About this task: Each entry in the material below should be reproduced exactly.

Extracted information:
*-*-*

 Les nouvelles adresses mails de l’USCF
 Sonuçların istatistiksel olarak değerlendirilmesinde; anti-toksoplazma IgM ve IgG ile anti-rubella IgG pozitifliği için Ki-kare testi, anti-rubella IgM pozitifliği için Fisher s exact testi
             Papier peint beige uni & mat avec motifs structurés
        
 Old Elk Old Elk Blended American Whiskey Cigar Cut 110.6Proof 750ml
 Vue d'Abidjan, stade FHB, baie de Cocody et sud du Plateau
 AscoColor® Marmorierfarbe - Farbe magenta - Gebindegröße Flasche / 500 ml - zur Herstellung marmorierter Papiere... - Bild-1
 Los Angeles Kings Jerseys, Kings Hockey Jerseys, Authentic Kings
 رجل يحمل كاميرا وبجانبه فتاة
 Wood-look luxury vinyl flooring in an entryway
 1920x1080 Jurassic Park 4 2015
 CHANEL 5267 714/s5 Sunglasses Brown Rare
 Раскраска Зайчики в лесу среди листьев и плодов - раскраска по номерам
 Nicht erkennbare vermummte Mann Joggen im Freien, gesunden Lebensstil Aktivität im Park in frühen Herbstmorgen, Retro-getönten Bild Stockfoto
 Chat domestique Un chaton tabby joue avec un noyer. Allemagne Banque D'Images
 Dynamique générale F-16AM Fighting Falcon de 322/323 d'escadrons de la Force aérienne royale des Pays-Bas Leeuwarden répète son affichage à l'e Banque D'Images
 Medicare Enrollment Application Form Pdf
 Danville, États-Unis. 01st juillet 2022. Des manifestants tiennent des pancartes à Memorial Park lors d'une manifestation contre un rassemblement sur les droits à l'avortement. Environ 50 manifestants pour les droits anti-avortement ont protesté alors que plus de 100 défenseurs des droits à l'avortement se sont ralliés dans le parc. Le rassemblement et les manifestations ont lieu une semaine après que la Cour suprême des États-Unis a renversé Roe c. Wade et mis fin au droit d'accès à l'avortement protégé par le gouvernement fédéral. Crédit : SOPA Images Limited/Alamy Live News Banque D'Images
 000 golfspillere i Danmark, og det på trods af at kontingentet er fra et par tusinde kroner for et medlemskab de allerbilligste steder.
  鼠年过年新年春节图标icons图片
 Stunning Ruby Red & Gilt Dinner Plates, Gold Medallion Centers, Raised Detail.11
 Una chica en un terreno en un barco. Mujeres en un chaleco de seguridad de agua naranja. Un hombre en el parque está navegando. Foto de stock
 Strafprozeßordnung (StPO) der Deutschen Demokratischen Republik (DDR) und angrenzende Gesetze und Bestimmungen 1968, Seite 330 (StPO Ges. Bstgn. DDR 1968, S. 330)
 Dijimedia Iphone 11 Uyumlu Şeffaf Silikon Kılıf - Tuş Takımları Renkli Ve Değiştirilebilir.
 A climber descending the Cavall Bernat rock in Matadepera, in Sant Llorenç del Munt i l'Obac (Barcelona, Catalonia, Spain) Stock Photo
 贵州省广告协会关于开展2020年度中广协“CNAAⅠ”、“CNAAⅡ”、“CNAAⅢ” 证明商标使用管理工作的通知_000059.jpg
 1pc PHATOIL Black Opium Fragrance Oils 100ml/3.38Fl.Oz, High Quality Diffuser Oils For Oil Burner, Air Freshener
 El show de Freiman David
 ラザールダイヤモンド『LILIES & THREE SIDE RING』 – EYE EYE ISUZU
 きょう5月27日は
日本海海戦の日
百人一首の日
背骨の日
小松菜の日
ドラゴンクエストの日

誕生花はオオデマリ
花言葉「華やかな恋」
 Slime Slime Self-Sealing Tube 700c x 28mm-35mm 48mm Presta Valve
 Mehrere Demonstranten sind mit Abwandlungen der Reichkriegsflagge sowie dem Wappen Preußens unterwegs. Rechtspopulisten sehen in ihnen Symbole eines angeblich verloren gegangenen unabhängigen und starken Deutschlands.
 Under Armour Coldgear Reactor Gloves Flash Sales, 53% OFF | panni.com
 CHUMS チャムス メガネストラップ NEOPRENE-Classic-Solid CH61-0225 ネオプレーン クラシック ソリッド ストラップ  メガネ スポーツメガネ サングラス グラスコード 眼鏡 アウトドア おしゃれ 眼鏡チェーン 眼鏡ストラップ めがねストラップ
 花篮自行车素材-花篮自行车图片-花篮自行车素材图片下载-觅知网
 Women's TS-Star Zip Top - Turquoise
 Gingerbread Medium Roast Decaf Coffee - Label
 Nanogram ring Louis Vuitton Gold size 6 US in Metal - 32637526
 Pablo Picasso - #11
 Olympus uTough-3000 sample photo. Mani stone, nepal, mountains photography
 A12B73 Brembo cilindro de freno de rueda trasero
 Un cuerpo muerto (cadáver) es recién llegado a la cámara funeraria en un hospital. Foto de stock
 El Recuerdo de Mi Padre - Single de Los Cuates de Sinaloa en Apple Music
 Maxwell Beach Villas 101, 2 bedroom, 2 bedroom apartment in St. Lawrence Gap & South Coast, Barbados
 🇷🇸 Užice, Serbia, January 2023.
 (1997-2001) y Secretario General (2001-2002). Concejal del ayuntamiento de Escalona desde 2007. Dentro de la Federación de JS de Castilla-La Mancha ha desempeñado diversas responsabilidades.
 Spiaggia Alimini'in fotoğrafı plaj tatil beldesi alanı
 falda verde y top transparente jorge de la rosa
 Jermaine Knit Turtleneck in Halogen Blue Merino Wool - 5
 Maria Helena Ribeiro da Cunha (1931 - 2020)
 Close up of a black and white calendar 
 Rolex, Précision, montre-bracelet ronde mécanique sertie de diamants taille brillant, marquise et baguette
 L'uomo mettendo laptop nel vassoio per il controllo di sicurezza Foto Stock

*-*-*

Task result:
 Les nouvelles adresses mails de l’USCF
 Sonuçların istatistiksel olarak değerlendirilmesinde; anti-toksoplazma IgM ve IgG ile anti-rubella IgG pozitifliği için Ki-kare testi, anti-rubella IgM pozitifliği için Fisher s exact testi
             Papier peint beige uni & mat avec motifs structurés
        
 Old Elk Old Elk Blended American Whiskey Cigar Cut 110.6Proof 750ml
 Vue d'Abidjan, stade FHB, baie de Cocody et sud du Plateau
 AscoColor® Marmorierfarbe - Farbe magenta - Gebindegröße Flasche / 500 ml - zur Herstellung marmorierter Papiere... - Bild-1
 Los Angeles Kings Jerseys, Kings Hockey Jerseys, Authentic Kings
 رجل يحمل كاميرا وبجانبه فتاة
 Wood-look luxury vinyl flooring in an entryway
 1920x1080 Jurassic Park 4 2015
 CHANEL 5267 714/s5 Sunglasses Brown Rare
 Раскраска Зайчики в лесу среди листьев и плодов - раскраска по номерам
 Nicht erkennbare vermummte Mann Joggen im Freien, gesunden Lebensstil Aktivität im Park in frühen Herbstmorgen, Retro-getönten Bild Stockfoto
 Chat domestique Un chaton tabby joue avec un noyer. Allemagne Banque D'Images
 Dynamique générale F-16AM Fighting Falcon de 322/323 d'escadrons de la Force aérienne royale des Pays-Bas Leeuwarden répète son affichage à l'e Banque D'Images
 Medicare Enrollment Application Form Pdf
 Danville, États-Unis. 01st juillet 2022. Des manifestants tiennent des pancartes à Memorial Park lors d'une manifestation contre un rassemblement sur les droits à l'avortement. Environ 50 manifestants pour les droits anti-avortement ont protesté alors que plus de 100 défenseurs des droits à l'avortement se sont ralliés dans le parc. Le rassemblement et les manifestations ont lieu une semaine après que la Cour suprême des États-Unis a renversé Roe c. Wade et mis fin au droit d'accès à l'avortement protégé par le gouvernement fédéral. Crédit : SOPA Images Limited/Alamy Live News Banque D'Images
 000 golfspillere i Danmark, og det på trods af at kontingentet er fra et par tusinde kroner for et medlemskab de allerbilligste steder.
  鼠年过年新年春节图标icons图片
 Stunning Ruby Red & Gilt Dinner Plates, Gold Medallion Centers, Raised Detail.11
 Una chica en un terreno en un barco. Mujeres en un chaleco de seguridad de agua naranja. Un hombre en el parque está navegando. Foto de stock
 Strafprozeßordnung (StPO) der Deutschen Demokratischen Republik (DDR) und angrenzende Gesetze und Bestimmungen 1968, Seite 330 (StPO Ges. Bstgn. DDR 1968, S. 330)
 Dijimedia Iphone 11 Uyumlu Şeffaf Silikon Kılıf - Tuş Takımları Renkli Ve Değiştirilebilir.
 A climber descending the Cavall Bernat rock in Matadepera, in Sant Llorenç del Munt i l'Obac (Barcelona, Catalonia, Spain) Stock Photo
 贵州省广告协会关于开展2020年度中广协“CNAAⅠ”、“CNAAⅡ”、“CNAAⅢ” 证明商标使用管理工作的通知_000059.jpg
 1pc PHATOIL Black Opium Fragrance Oils 100ml/3.38Fl.Oz, High Quality Diffuser Oils For Oil Burner, Air Freshener
 El show de Freiman David
 ラザールダイヤモンド『LILIES & THREE SIDE RING』 – EYE EYE ISUZU
 きょう5月27日は
日本海海戦の日
百人一首の日
背骨の日
小松菜の日
ドラゴンクエストの日

誕生花はオオデマリ
花言葉「華やかな恋」
 Slime Slime Self-Sealing Tube 700c x 28mm-35mm 48mm Presta Valve
 Mehrere Demonstranten sind mit Abwandlungen der Reichkriegsflagge sowie dem Wappen Preußens unterwegs. Rechtspopulisten sehen in ihnen Symbole eines angeblich verloren gegangenen unabhängigen und starken Deutschlands.
 Under Armour Coldgear Reactor Gloves Flash Sales, 53% OFF | panni.com
 CHUMS チャムス メガネストラップ NEOPRENE-Classic-Solid CH61-0225 ネオプレーン クラシック ソリッド ストラップ  メガネ スポーツメガネ サングラス グラスコード 眼鏡 アウトドア おしゃれ 眼鏡チェーン 眼鏡ストラップ めがねストラップ
 花篮自行车素材-花篮自行车图片-花篮自行车素材图片下载-觅知网
 Women's TS-Star Zip Top - Turquoise
 Gingerbread Medium Roast Decaf Coffee - Label
 Nanogram ring Louis Vuitton Gold size 6 US in Metal - 32637526
 Pablo Picasso - #11
 Olympus uTough-3000 sample photo. Mani stone, nepal, mountains photography
 A12B73 Brembo cilindro de freno de rueda trasero
 Un cuerpo muerto (cadáver) es recién llegado a la cámara funeraria en un hospital. Foto de stock
 El Recuerdo de Mi Padre - Single de Los Cuates de Sinaloa en Apple Music
 Maxwell Beach Villas 101, 2 bedroom, 2 bedroom apartment in St. Lawrence Gap & South Coast, Barbados
 🇷🇸 Užice, Serbia, January 2023.
 (1997-2001) y Secretario General (2001-2002). Concejal del ayuntamiento de Escalona desde 2007. Dentro de la Federación de JS de Castilla-La Mancha ha desempeñado diversas responsabilidades.
 Spiaggia Alimini'in fotoğrafı plaj tatil beldesi alanı
 falda verde y top transparente jorge de la rosa
 Jermaine Knit Turtleneck in Halogen Blue Merino Wool - 5
 Maria Helena Ribeiro da Cunha (1931 - 2020)
 Close up of a black and white calendar 
 Rolex, Précision, montre-bracelet ronde mécanique sertie de diamants taille brillant, marquise et baguette
 L'uomo mettendo laptop nel vassoio per il controllo di sicurezza Foto Stock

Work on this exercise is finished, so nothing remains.